Thomas, wounded by an ice spear, is brought to the Skirtings by Arthur. Though reluctant as she assumes everyone will soon die anyway, the Starwife agrees to help Thomas, but only if Audrey assists her. With her magical silver acorn pendant, the Starwife casts the healing spell while simultaneously performing a ritual to transfer her powers to the unsuspecting Audrey. When Audrey learns she is now the new Starwife whether she likes it or not, she reacts in fury, tossing the pendant away. The former Starwife goes out into the yard where she prepares to sacrifice herself as part of a final plan to defeat Jupiter. Her frozen body is discovered the next morning and burned in a funeral pyre as she wished. Shortly afterward, a banging is heard on the front door of the empty house, which turns out to be a horde of Jupiter's ghostly rats trying to get in. Quickly, all the mice escape through the sewers to the Cutty Sark with Thomas, but Audrey hears a voice in her head compelling her to return to the garden. In spite of protests, she does so and finds a single snowdrop flower in the remains of the Starwife's pyre.

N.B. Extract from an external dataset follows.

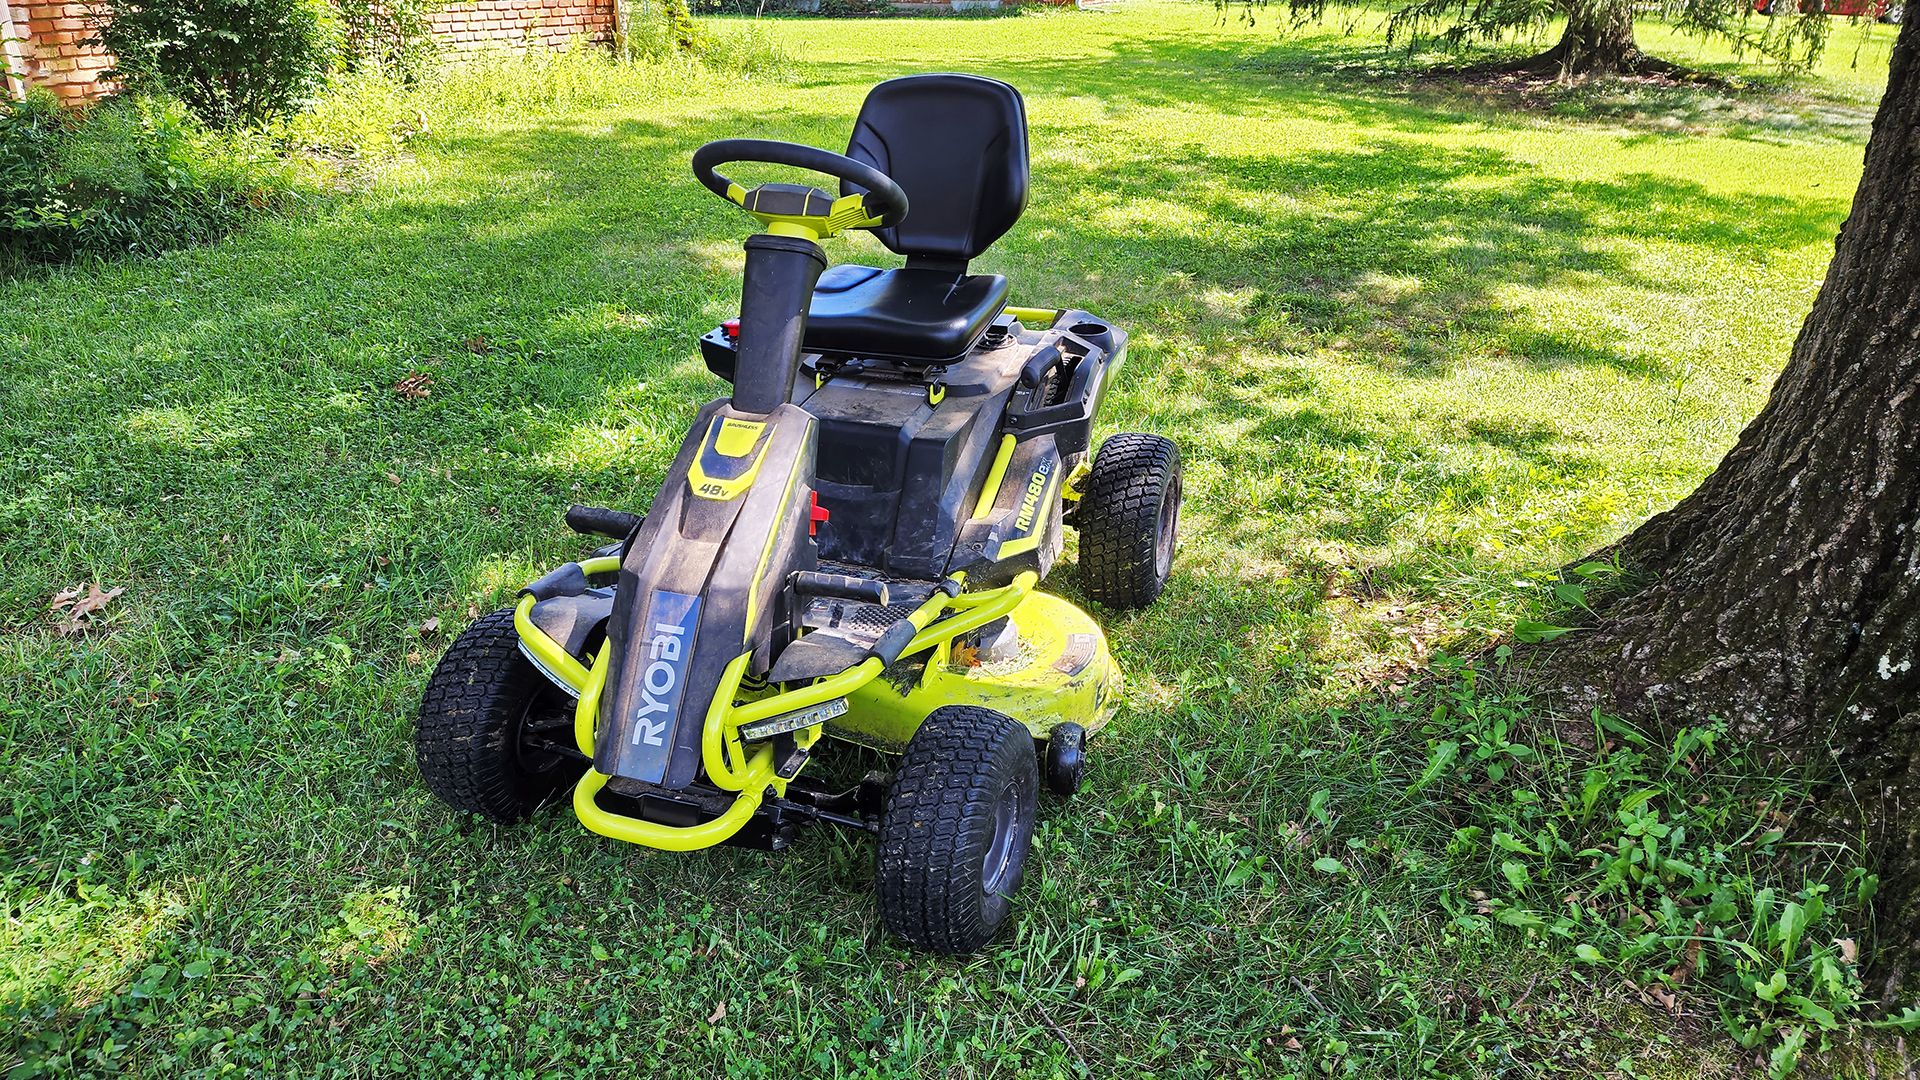 Why You Shouldn't Buy an Electric Riding Lawn Mower

Audrey makes her way to the Greenwich Observatory, where she finally confronts Jupiter, throwing the snowdrop flower at him, which causes him terrific agony. He drops the Starglass and it shatters. Consumed by blistering green flames, Jupiter is sent to the void to be tormented by spring eternally. All the rat ghosts disappear as well. The frozen world begins to thaw and a beautiful spring day begins. The Green Mouse appears and thanks Audrey for releasing him. He also presides over the union of her mother Gwen and Thomas Triton, who have grown close. After some weeks, Arthur and a few other mice go to the old empty house in Deptford. The damage from Jupiter's ghosts cannot be repaired, however, and they return to live on the Cutty Sark with Thomas. Audrey, who accompanied them, searches until she finds the discarded silver acorn pendant. Taking leave of her family, she travels to Greenwich where she finally accepts her role as the new Starwife.

==Background==
According to Jarvis, "After the unfolding drama of the previous story I knew this one had to have a powerful beginning which dragged the reader onto a roller coaster ride that did not let up until the very last page." Several parts of the Holeborn scenes were cut from the finished book due to issues of space, which Jarvis considered "a great pity as there were some old campaigners in the missing pieces who I was very fond of."

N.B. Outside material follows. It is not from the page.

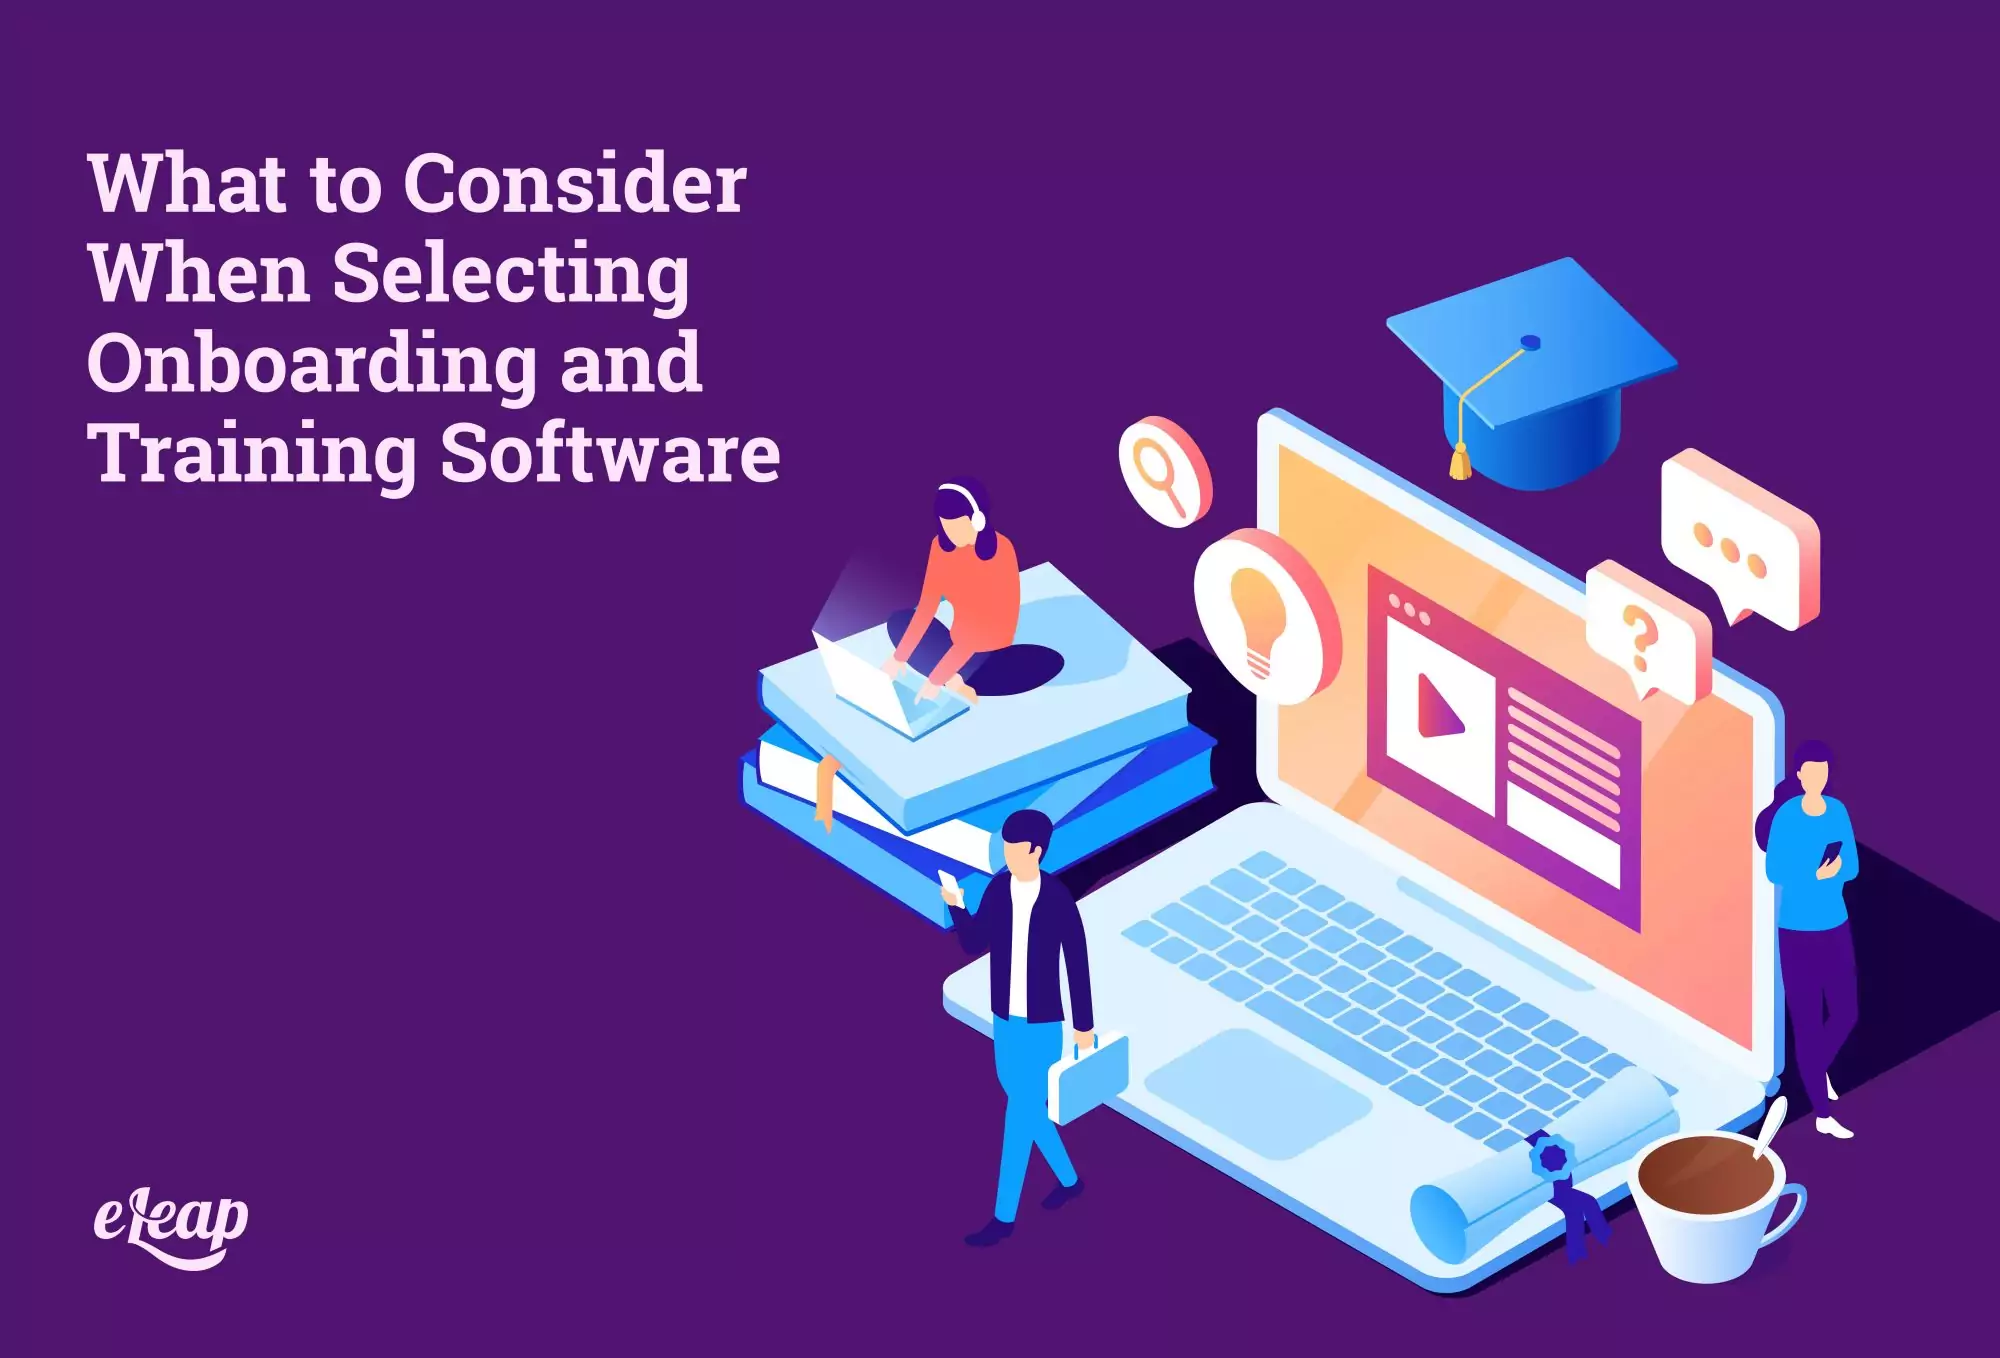 What to Consider When Selecting Onboarding and Training Software

Just before he began writing the book, Jarvis invested in a typewriter. As he had previously written everything long hand, this made things much easier for him and his novels would subsequently increase in length.

==Reception==
The Final Reckoning was called "a humdinger of a tale" by Sally Estes of Booklist, with "a poignant denouement that will satisfy the trilogy's fans." Kirkus Reviews also praised the book, saying it was a "superlative conclusion to a top-notch series." Charlotte Decker of Library Media Connection gave a positive review where she described The Final Reckoning as being "packed with action as the rats once again come under Jupiter's evil will and wage war upon the mice. As this is the last in the series, readers new to the books may have trouble keeping characters straight but there is enough information about events from the previous titles to allow them to enjoy the story."